• What is being asked: Please output the data exactly, minus pictures.

• Data shown:
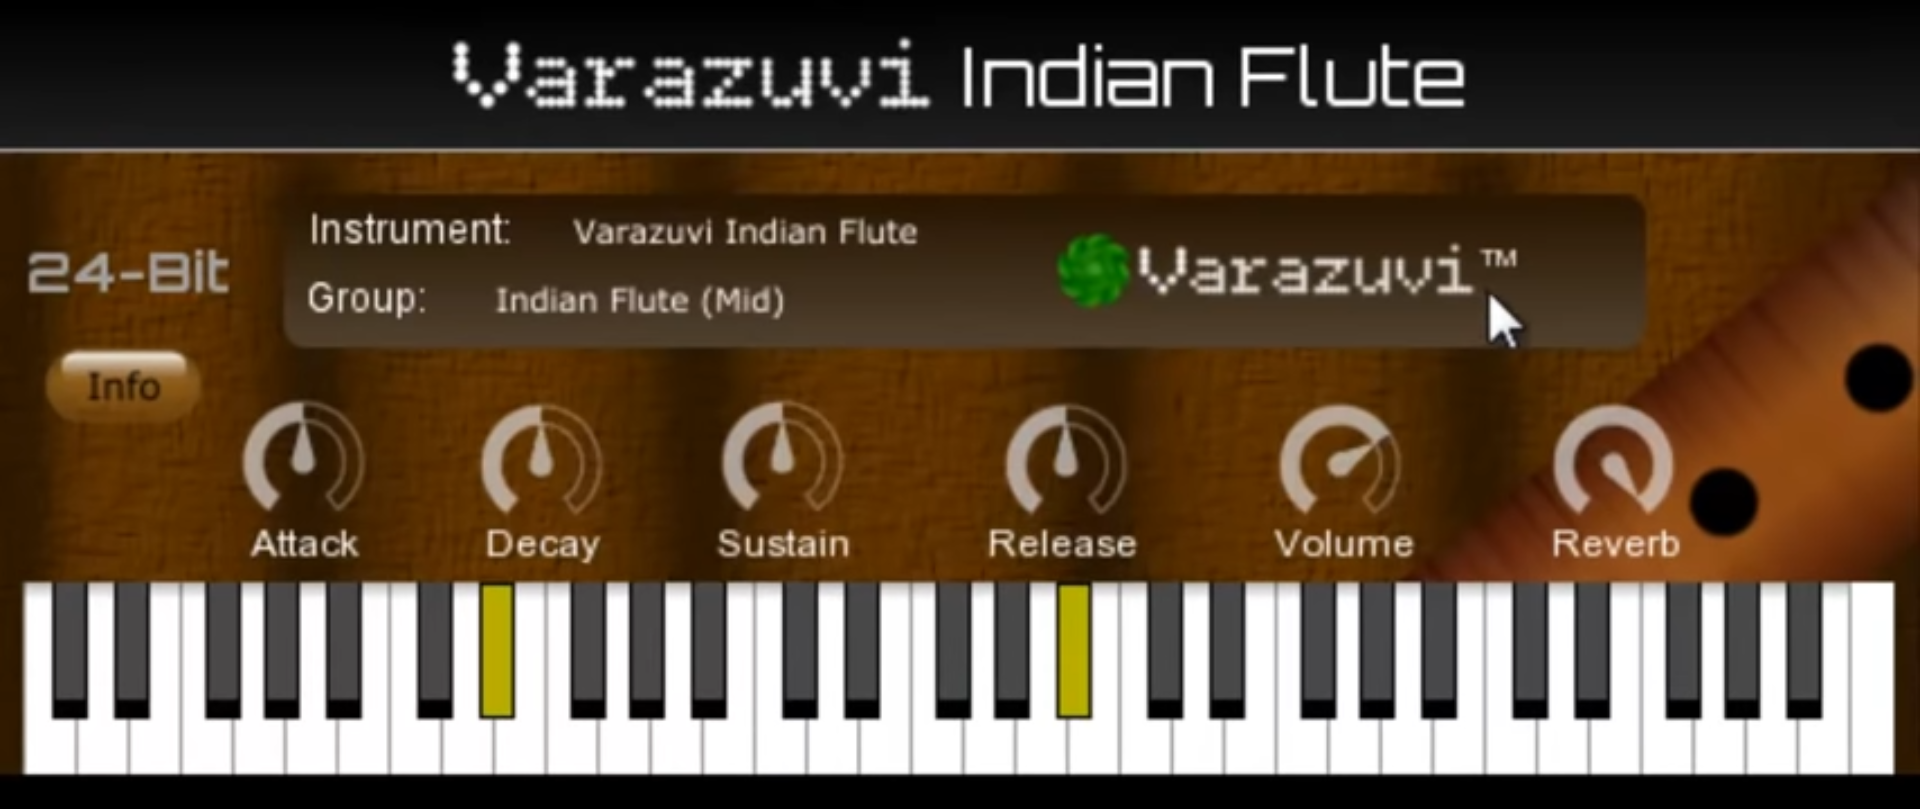 Varazuvi Indian Flute
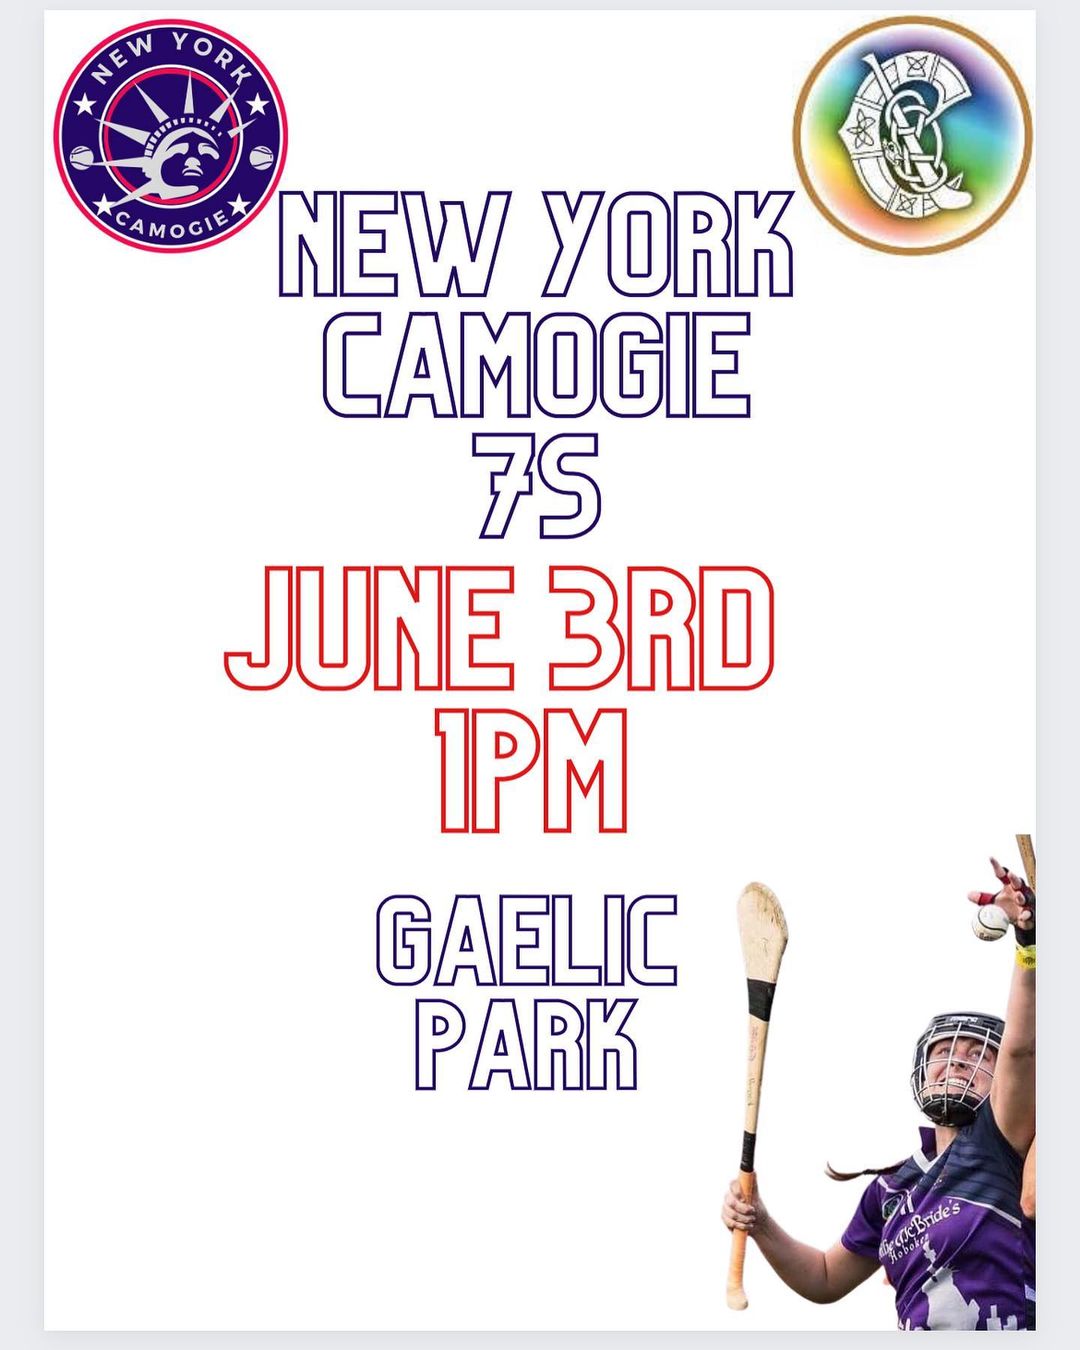 New York Camogie 7's Tournament
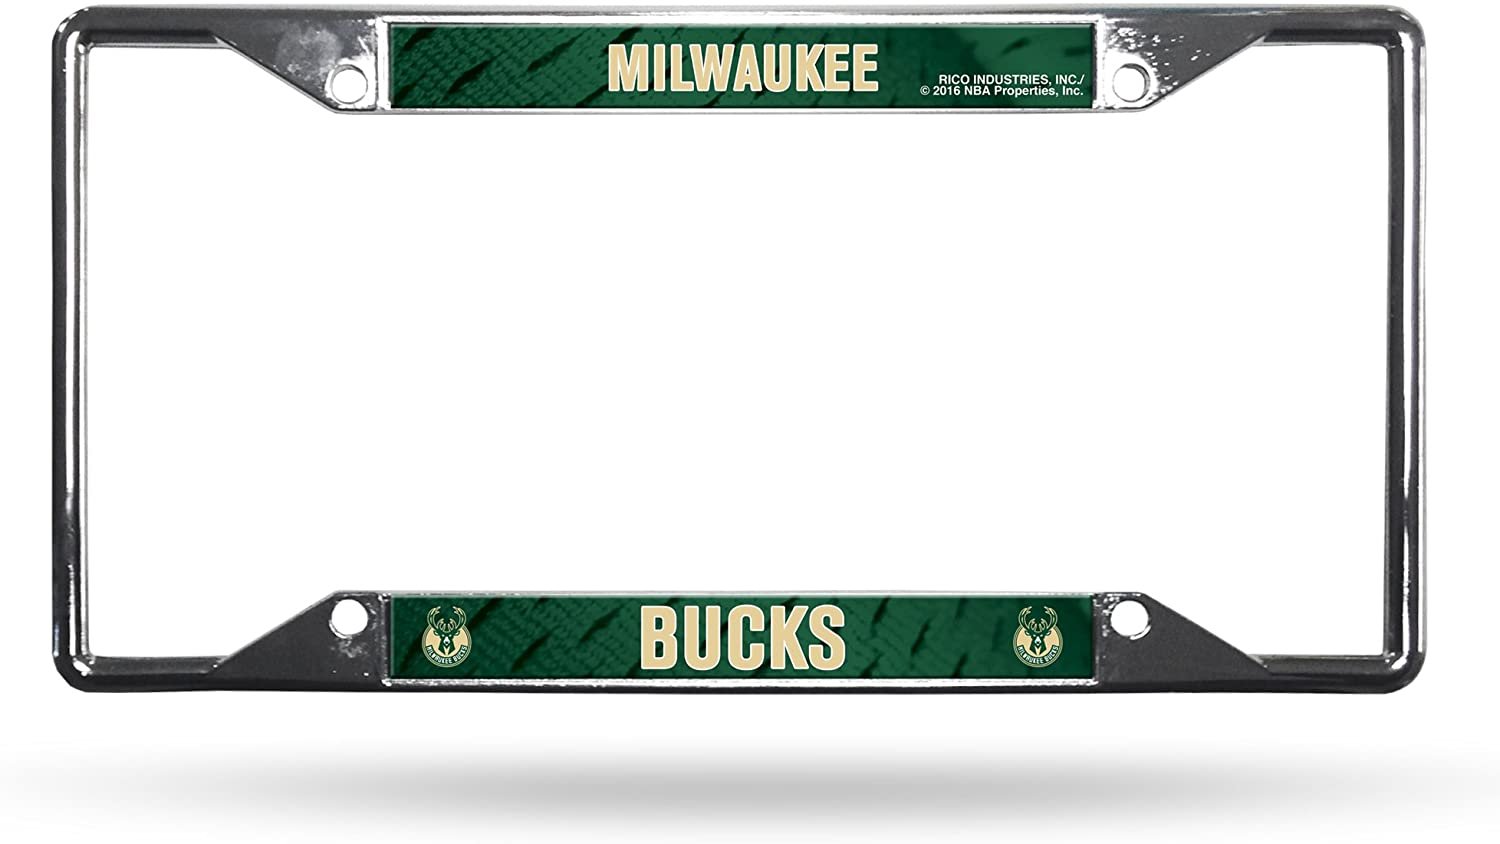 Milwaukee Bucks Premium Metal License Plate Frame Chrome Tag Cover, EZ View, 6x12 Inch
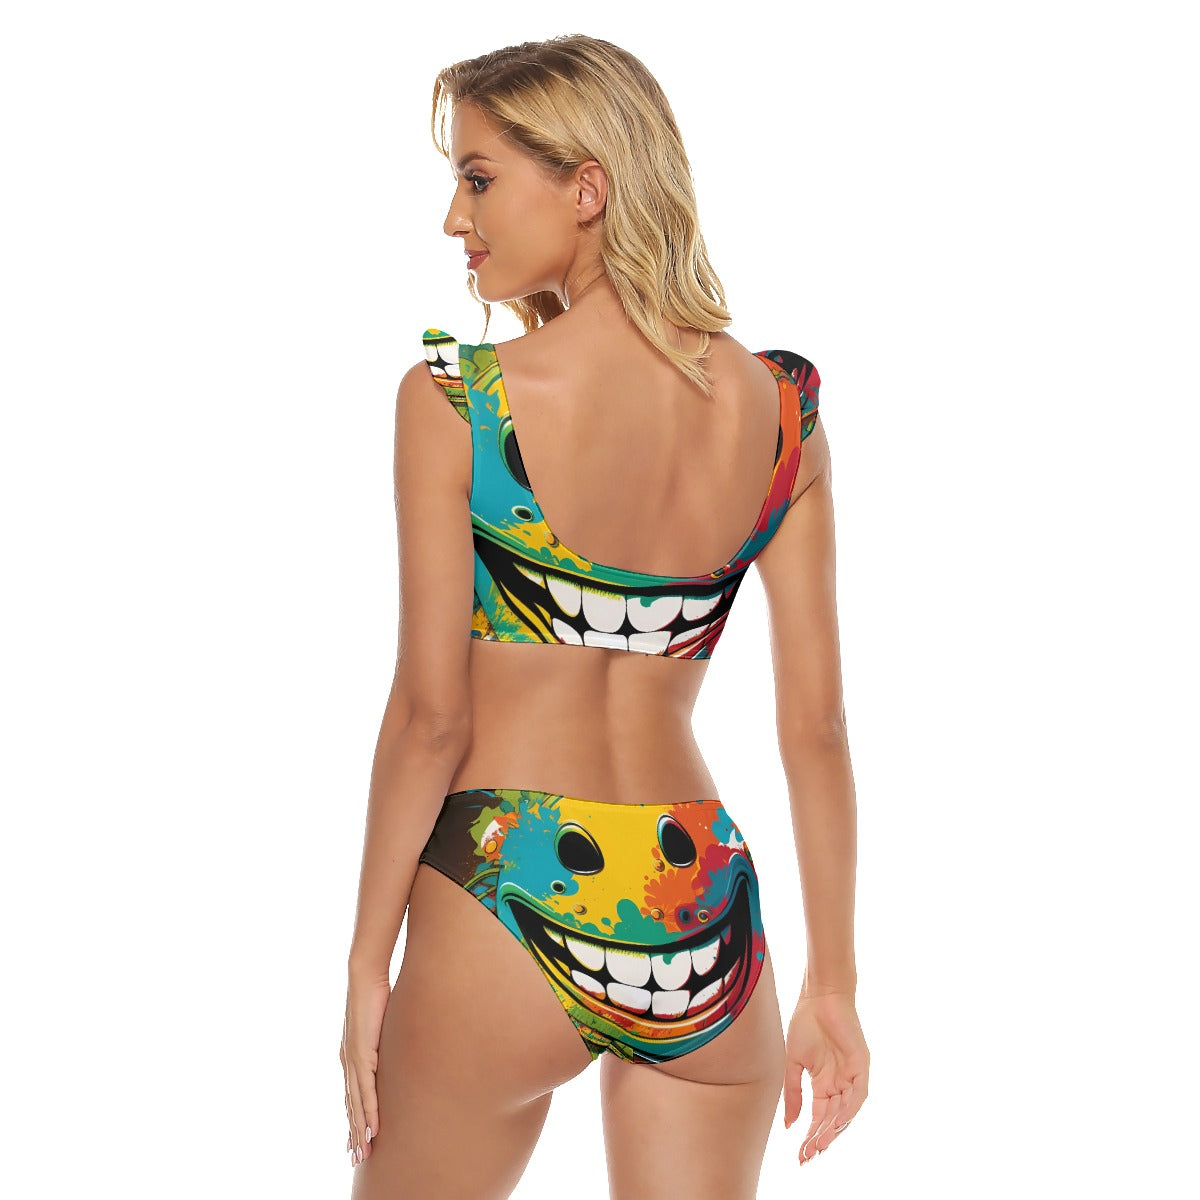 Why So Serious - All-Over Print Women's Bikini Swimsuit With Ruffle Cuff Bra

• Exercise answer:
 Varazuvi Indian Flute
 New York Camogie 7's Tournament
 Milwaukee Bucks Premium Metal License Plate Frame Chrome Tag Cover, EZ View, 6x12 Inch
 Why So Serious - All-Over Print Women's Bikini Swimsuit With Ruffle Cuff Bra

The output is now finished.